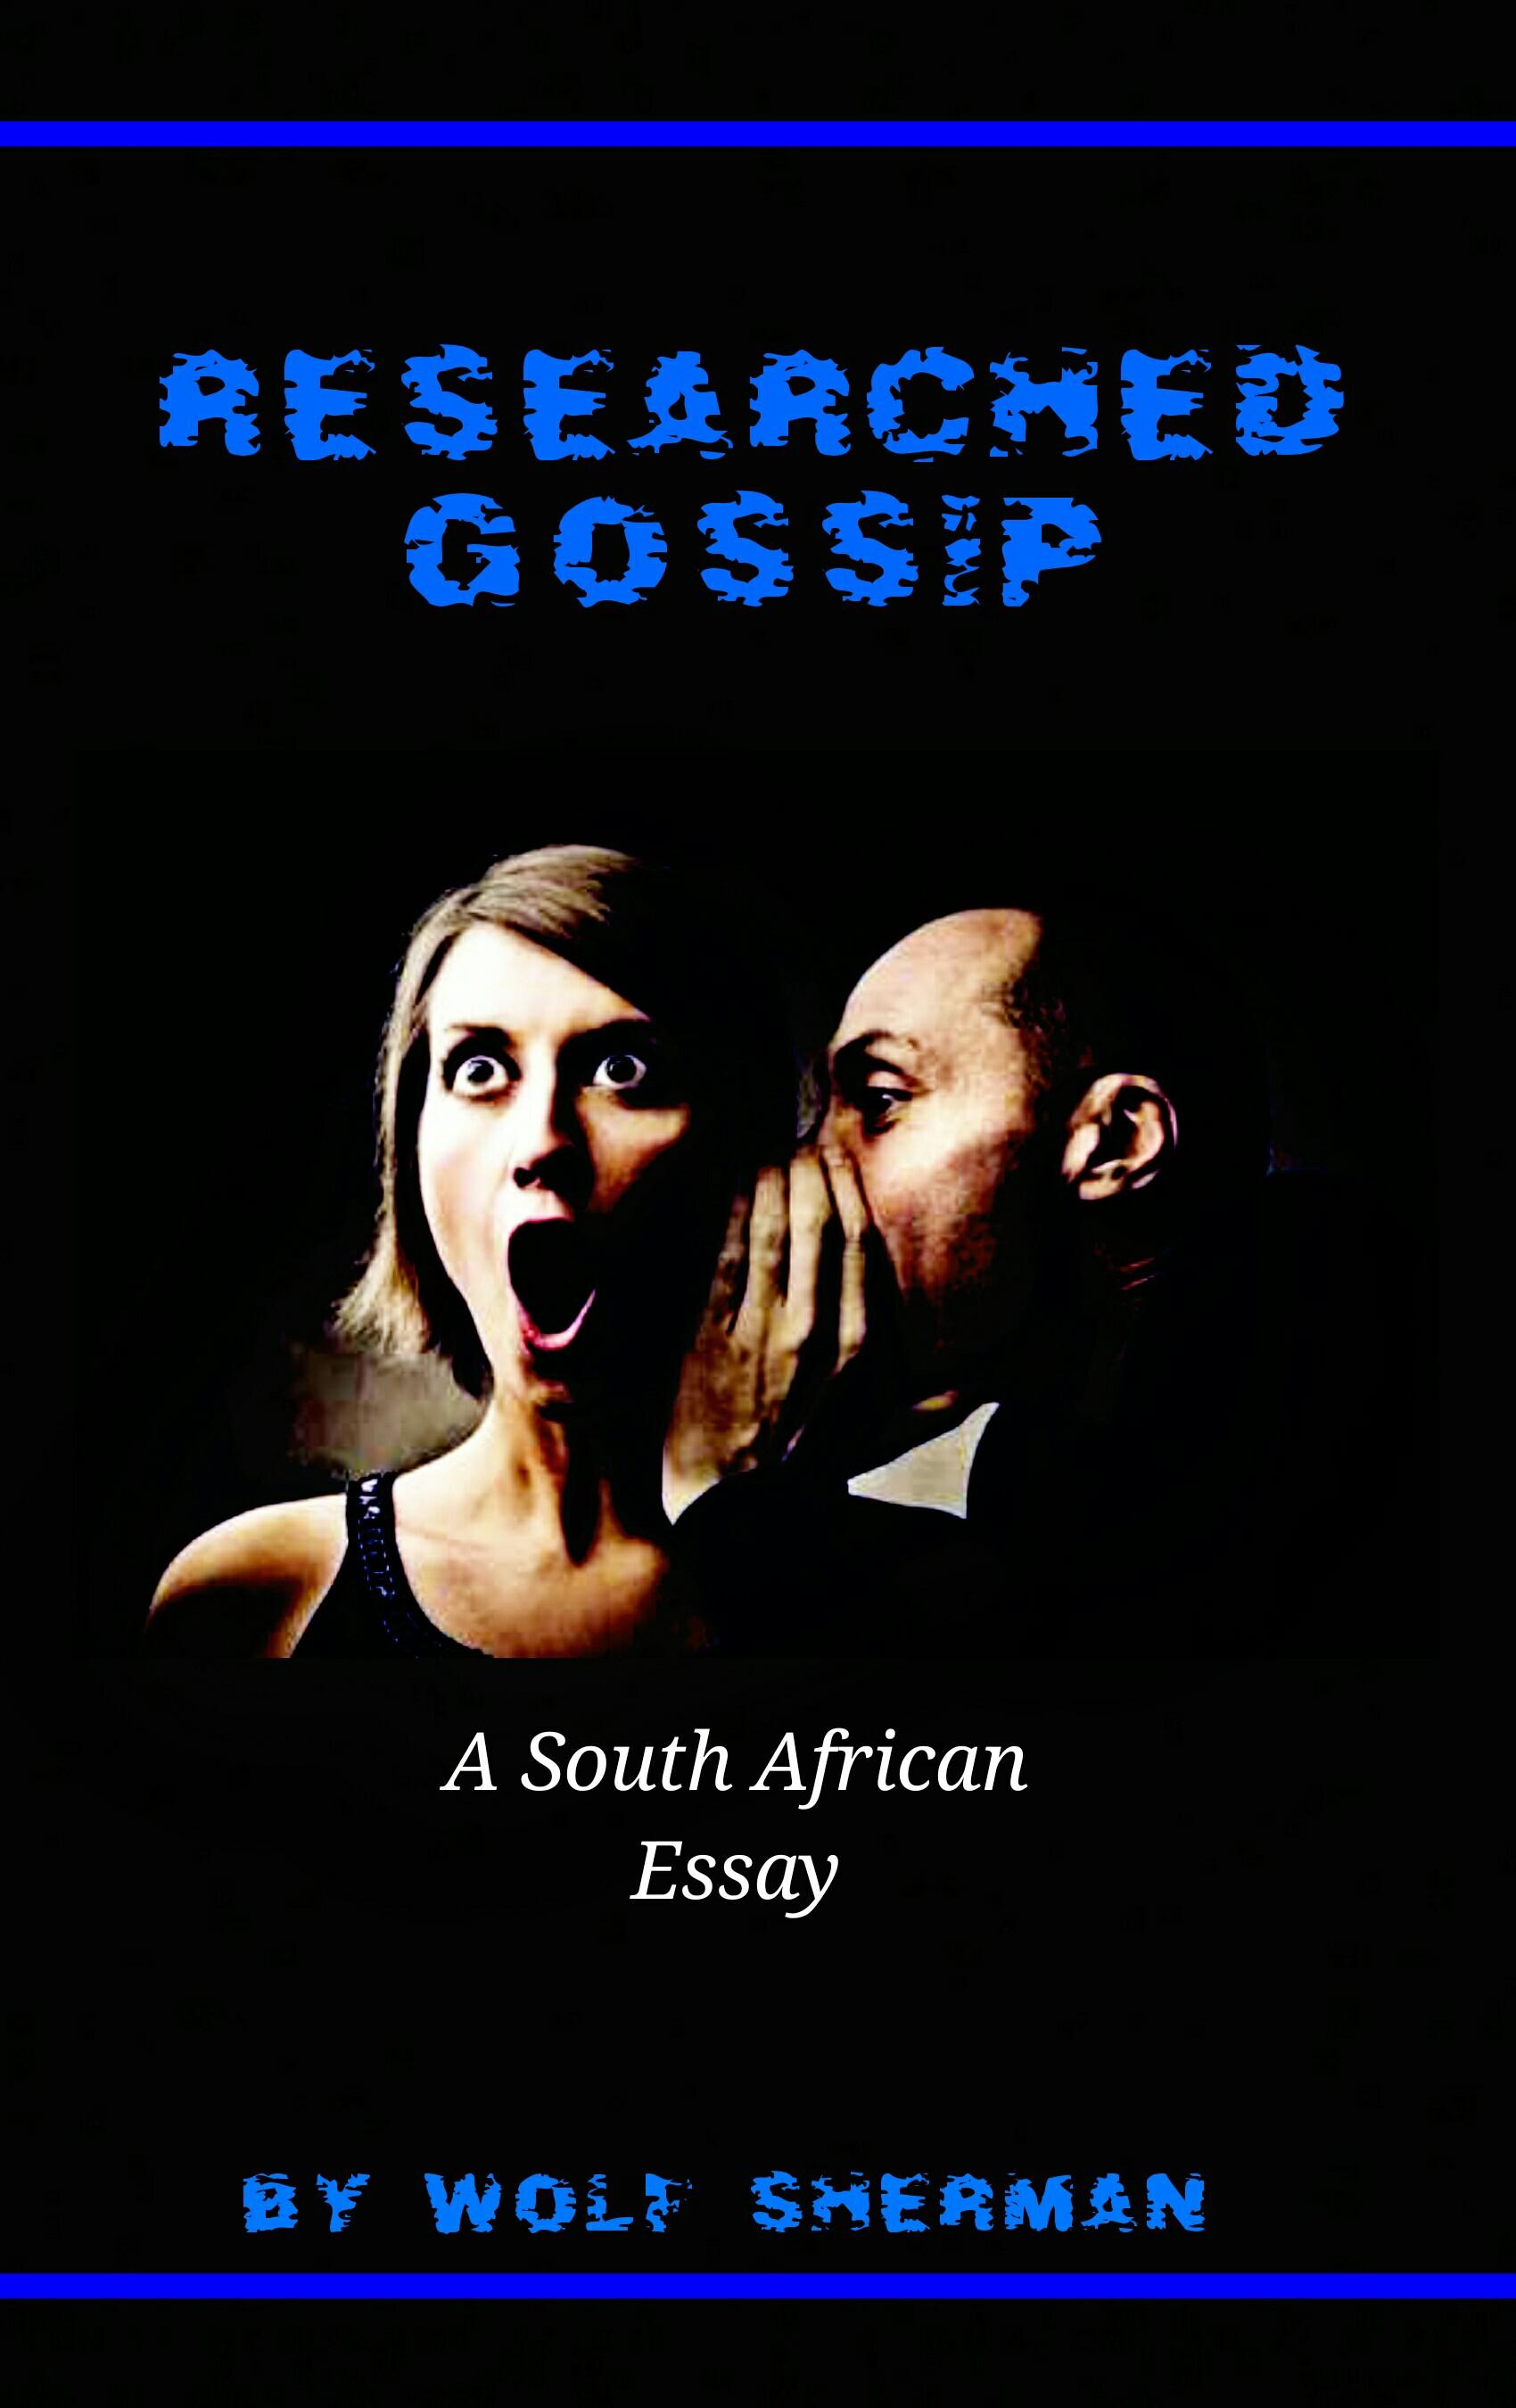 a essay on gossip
= = =
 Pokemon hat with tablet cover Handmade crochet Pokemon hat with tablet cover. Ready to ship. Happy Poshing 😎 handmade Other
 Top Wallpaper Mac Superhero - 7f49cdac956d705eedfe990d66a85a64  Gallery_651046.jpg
= = =
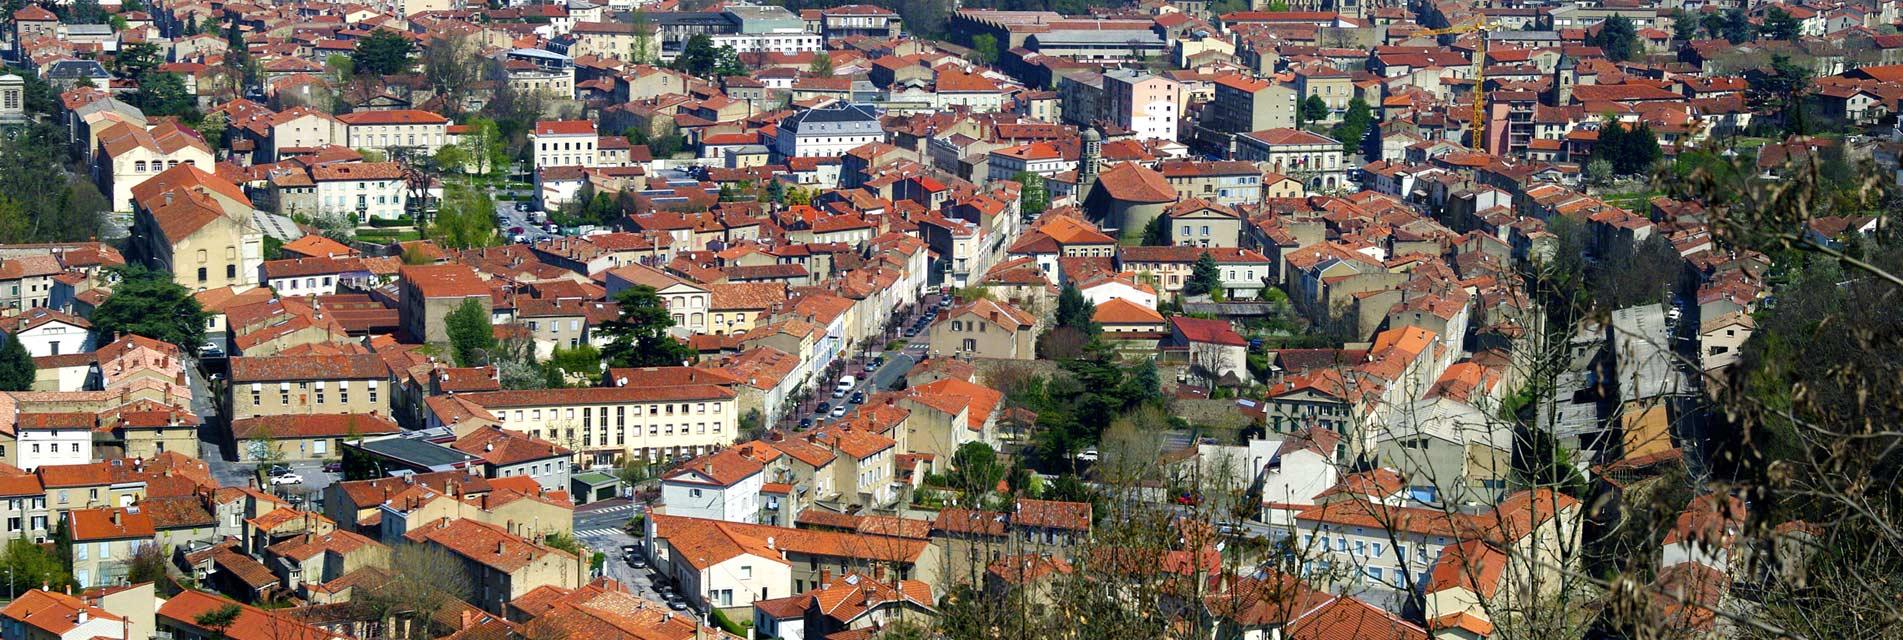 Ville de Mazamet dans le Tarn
= = =
*Exercise directions:* When you reach the line in the material above that holds "Pokemon hat with tablet cover Handmade", begin reproducing lines exactly, and stop after the line that holds "Top Wallpaper Mac".

*Reply:*
 Pokemon hat with tablet cover Handmade crochet Pokemon hat with tablet cover. Ready to ship. Happy Poshing 😎 handmade Other
 Top Wallpaper Mac Superhero - 7f49cdac956d705eedfe990d66a85a64  Gallery_651046.jpg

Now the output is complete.